Frequently Asked Questions

  1. Why Graphite web networks are different from those reported in the original database ?
  2. I have selected CliPPER method but I do not see the results.
  3. Why for some pathways I cannot see the interactive network-based tool ?
  4. Why Graphite web support only EntrezGene ID ?
  5. Why different analysis gives different results ?
  6. I do not find a gene/protein in the network, while I see the gene/protein in the original pathway (KEGG/Reactome), why ?
  7. Why nodes in the same pathway but from different analysis are coloured differently ?
  8. Which is the best method to do pathway analysis ?
  9. Which is the p-value associated to a path within a pathway of CliPPER ?
  10. I have to compare more than two groups, how can I use Graphite web ?
  11. When running GSEA I found a pathway significant but clicking on the pathway I do not see any nodes of the network colored, why ?






  1. Why Graphite web networks are different from those reported in the original database ?

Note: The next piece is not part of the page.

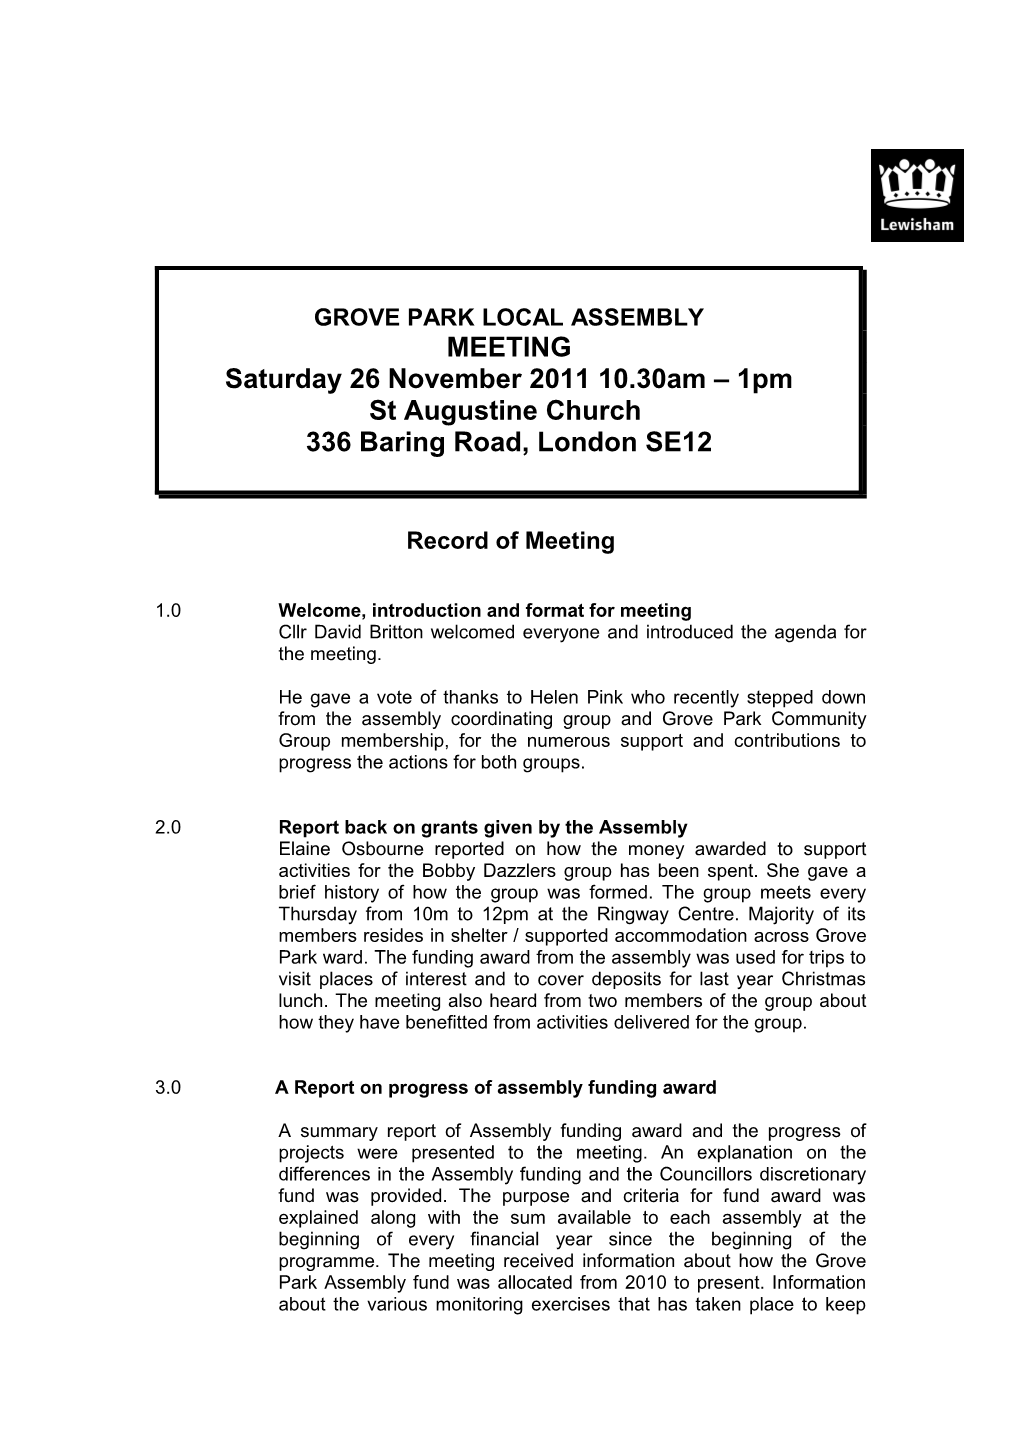 Grove Park Assembly Meeting 26 November 2011

    The conversion of pathway formats to gene-gene networks requires a series of transformations that are well documented in Sales et al (2012) and here. The visual representation of a pathway in KEGG or Reactome does not necessarily correspond to its machine-readable format (KGML for KEGG and BioPax for Reactome). Some inaccuracies or missing may occur in the xml format that leads to a different network based representation. Furthermore, before visualization pathway annotation IDs are converted to EntrezGene and this conversion can lead to a slightly different topology.
  2. I have selected CliPPER method but I do not see the results.

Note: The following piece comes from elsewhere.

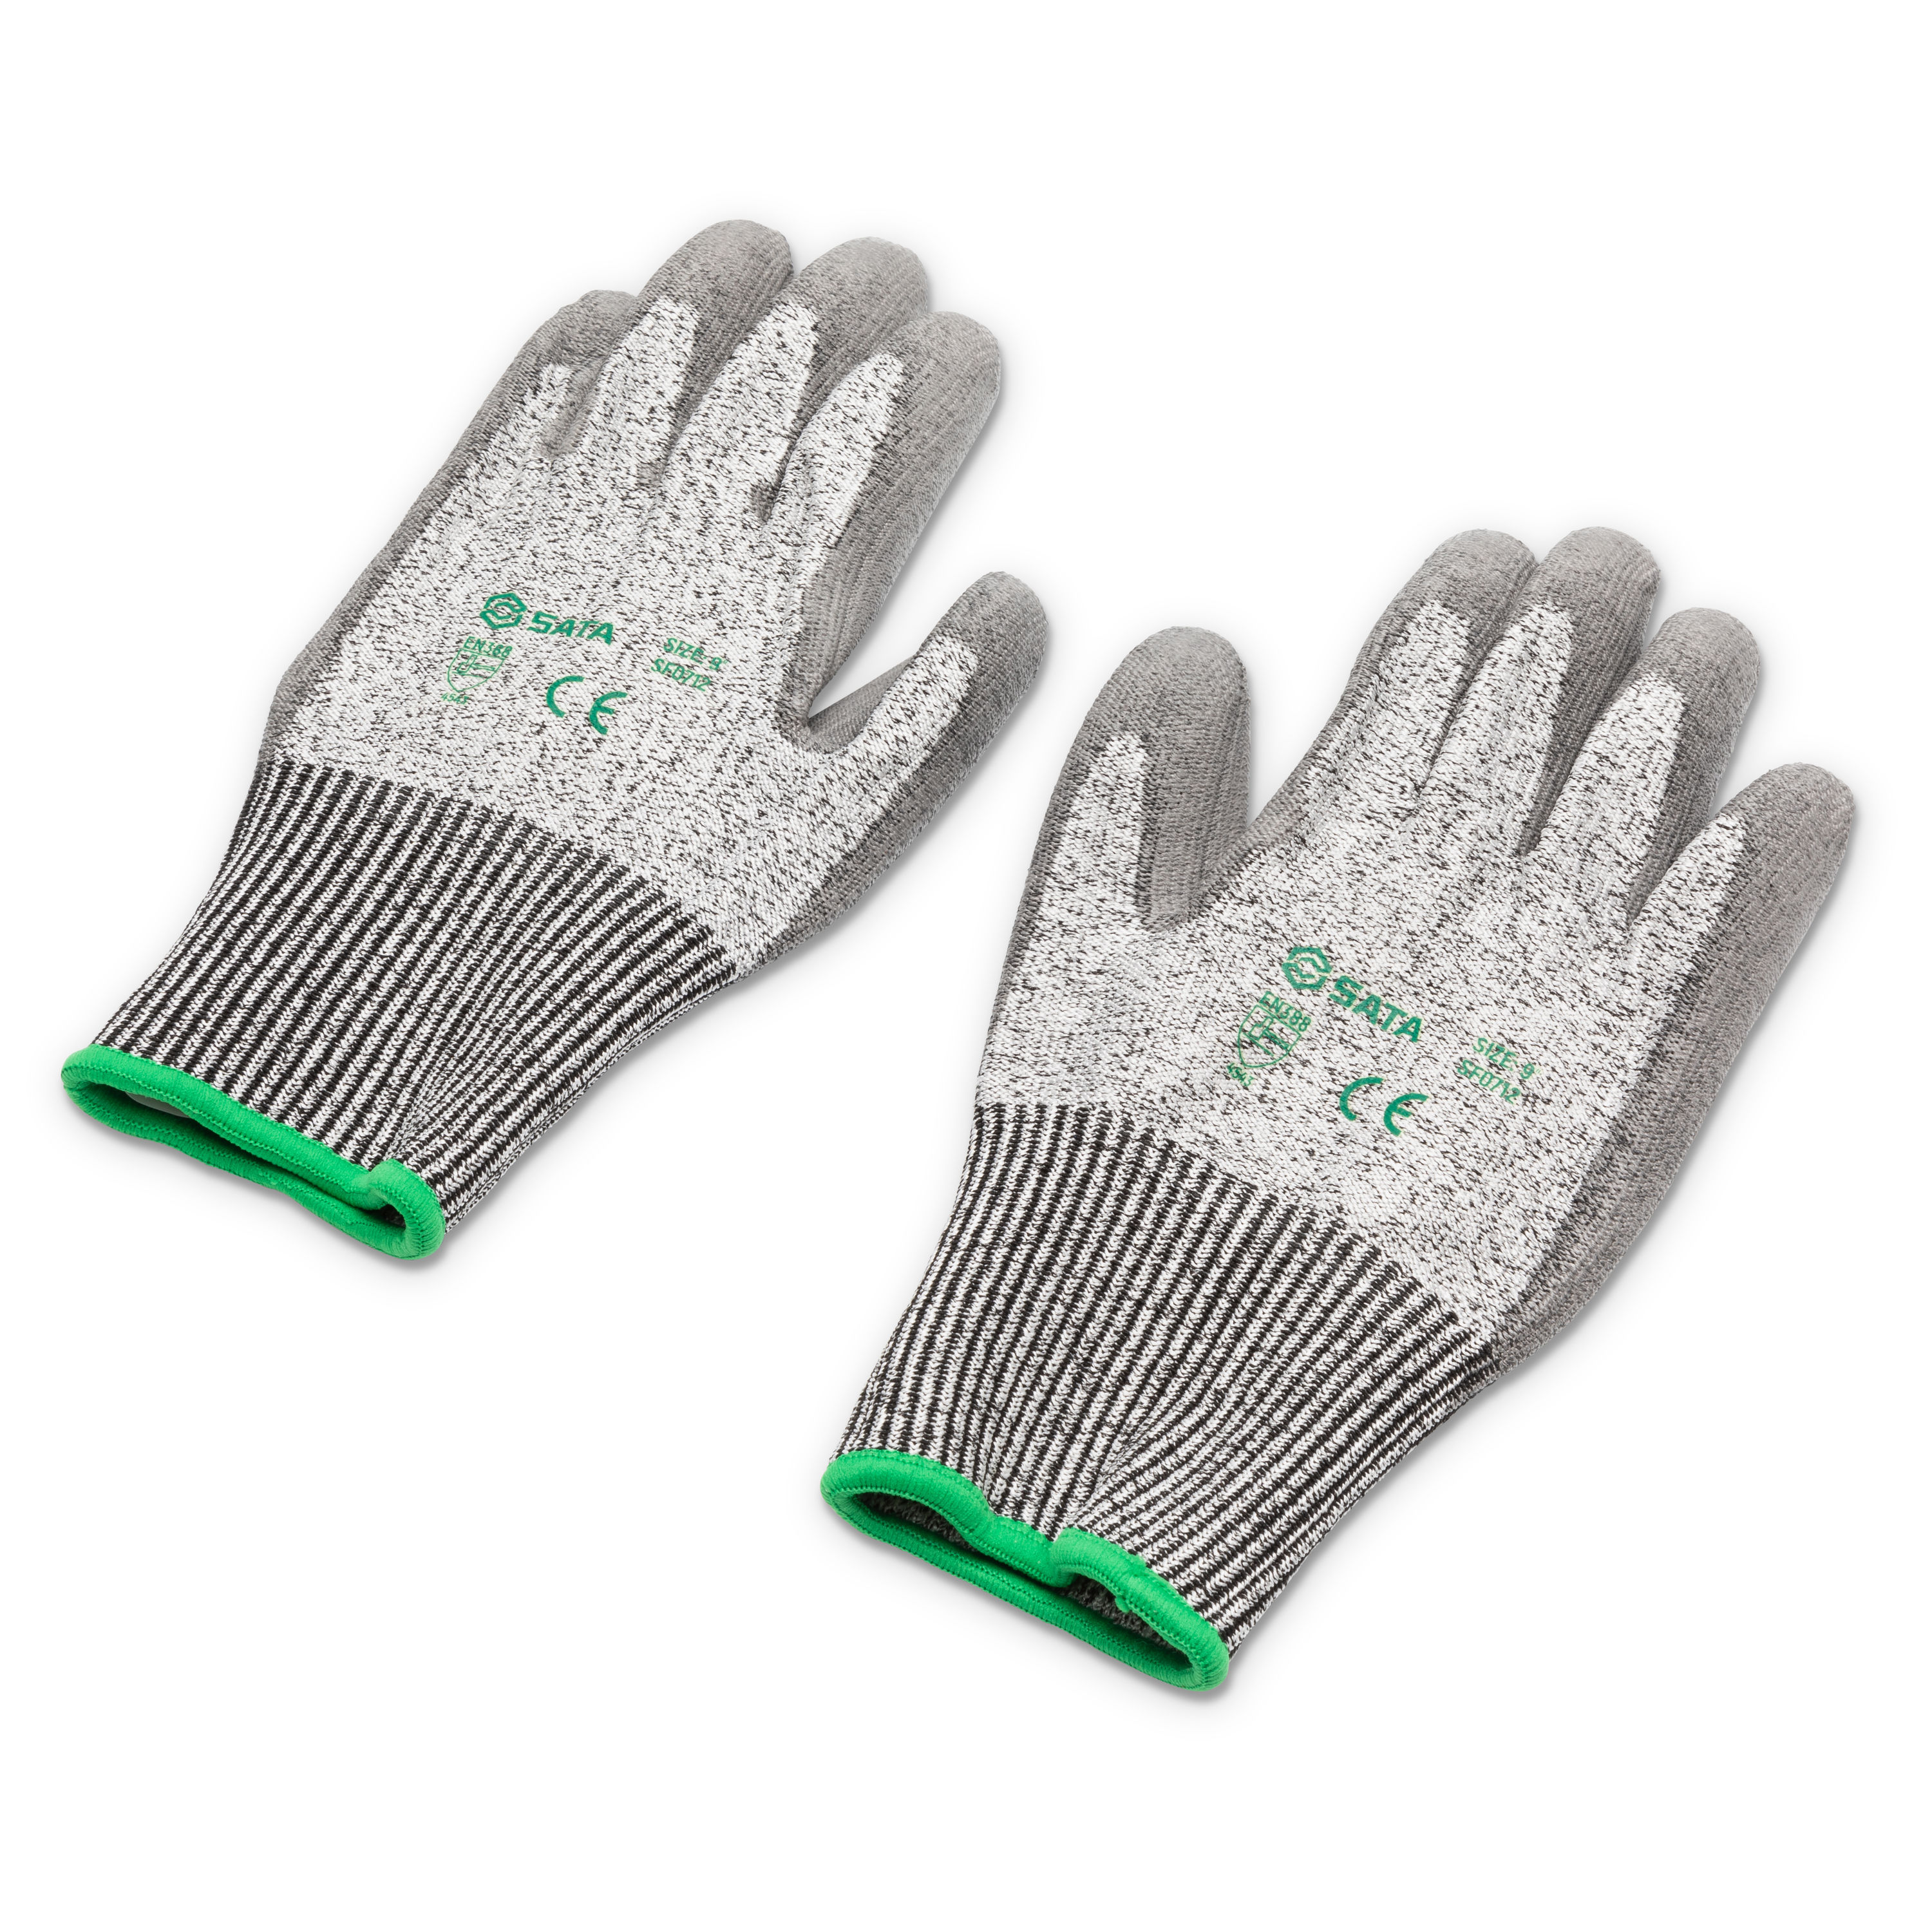 Cut Resistant Gloves Work Gloves at

    Given the model complexity of CliPPER, its implementation is computer intensive. This means that the results require several minutes to be displayed (at last one hour). In the meanwhile the result page will be automatically refreshed until results will be ready. Then, please do not close the web page waiting the results.
  3. Why for some pathways I cannot see the interactive network-based tool ?
    Graphite web uses Cytoscape web to visualize networks. In case of pathways greater than 150 nodes Cytoscape web becomes slow and may crash. Then in case of pathway larger than 150 Graphite web returns the sif file for an in-house visualization using Cytoscape.
  4. Why Graphite web support only EntrezGene ID ?
    Pathway annotations are based heterogeneous protein IDs that usually point to different isoforms of the same genes. On the other hand microarray data is gene-based not transcript-based. To map gene expression on transcript-based networks would require a multiplication of expression profiles (if a gene has two alternative transcripts the expression profiles would be duplicated). However in statistical models the duplication of variables leads to multicollinearity (the model is not able to estimate the parameters of the model). For this reason we decided to use network-based pathways simplified using EntrezGene IDs.
  5. Why different analysis gives different results ?
    The analyses provided by Graphite web are based on completely different null hypothesis (see the Background section of the Tutorial for more details): different methods answer to different biological questions. The analysis has to be selected according to the biological question you want to answer.
  6. I do not find a gene/protein in the network, while I see the gene/protein in the original pathway (KEGG/Reactome), why ?
    See answer 1.
  7. Why nodes in the same pathway but from different analysis are coloured differently ?
    The colour of a node is necessarily associated to the analysis selected. Clearly if a gene is up-regulated in one class with respect to the other, this up-regulation is maintained throughout all the analysis, but the contribution of this gene on the final results will be different according to the analysis. This different contribution is given by the different model and null hypothesis underneath the analyses.
  8. Which is the best method to do pathway analysis ?
    As reported previously, the selection of the pathway analysis is strictly associated to the biological question to be answered. Competitive methods answer to the question: do the genes within a pathway have the same levels of association to the phenotype as genes in the complement of the gene set ? Self contained methods answer to the question: is there at least one gene in the pathway associated with the phenotype ? For a more detailed description of the difference between these methods see the tutorial, Goeman et al. (2004) and Tian et al (2005).
  9. Which is the p-value associated to a path within a pathway in CliPPER analysis?
    CliPPER is based on a two-step empirical approach. In the first step CliPPER select only pathway that have significant different means and concentration matrices between the two groups. In the second step it identified the paths within the significant pathway mostly associated to the phenotype. This score is a weighted combination of the p-values of the cliques composing the path. Currently these paths do not have a p-value (the null distribution of this score is unknown) they are ranked according to this score; highest the score more associated to the phenotype is the path.
  10. I have to compare more than two groups, how can I use Graphite web ?
    Currently Graphite web is working on two-sample design, in case of more than two groups the user has to upload different matrices (or lists of genes) for each comparison to be performed.
  11. When running GSEA I found a pathway significant but clicking on the pathway I do not see any nodes of the network colored, why ?
    GSEA works on the distribution of t-test statistics of genes belonging to a pathway. Although not strictly significant, the statistics could be sufficiently large to significantly shift the mean of the distribution of the entire pathway with respect to the other genes. This indicate a possible moderate but coordinate involvement of the pathway in the biological problem.